## Information provided:
▼▼▼

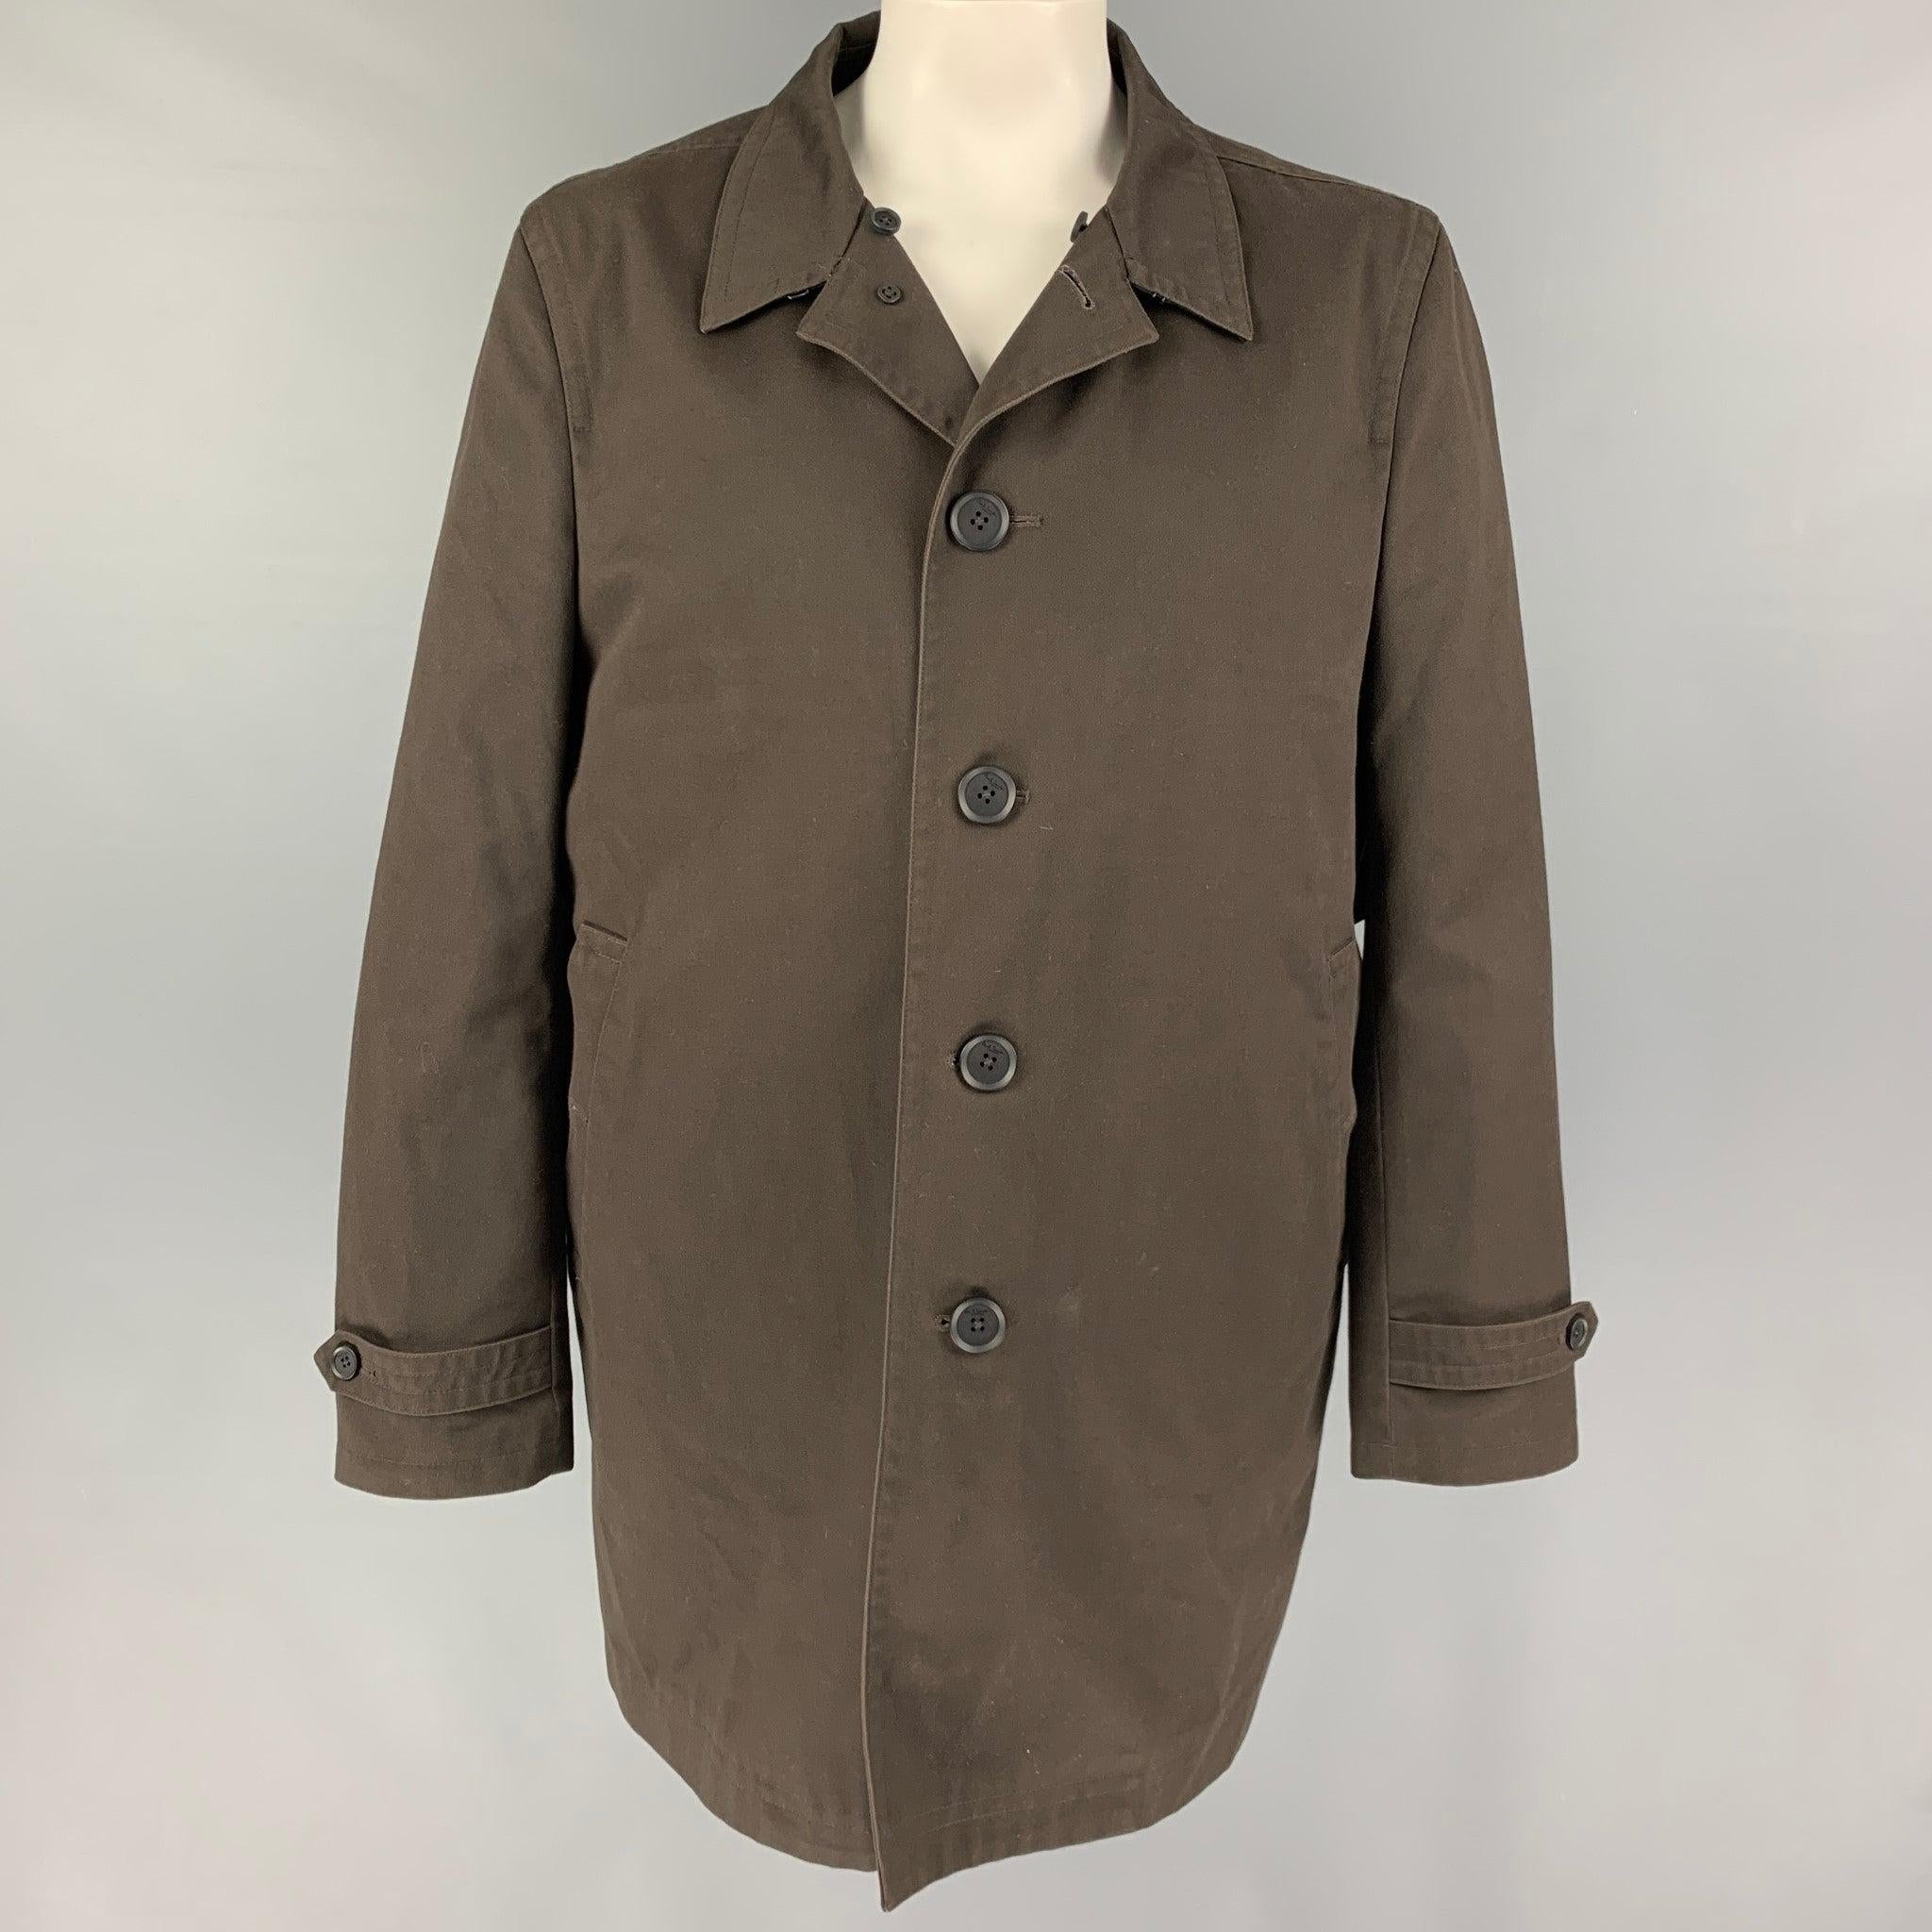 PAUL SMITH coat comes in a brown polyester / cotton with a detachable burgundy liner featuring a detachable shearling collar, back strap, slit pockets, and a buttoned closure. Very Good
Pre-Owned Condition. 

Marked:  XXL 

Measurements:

▲▲▲

## What the task asks:
Please restate the data word for word, leaving out any picture it holds.

## Response for this exercise:
 PAUL SMITH coat comes in a brown polyester / cotton with a detachable burgundy liner featuring a detachable shearling collar, back strap, slit pockets, and a buttoned closure. Very Good
Pre-Owned Condition. 

Marked:  XXL 

Measurements:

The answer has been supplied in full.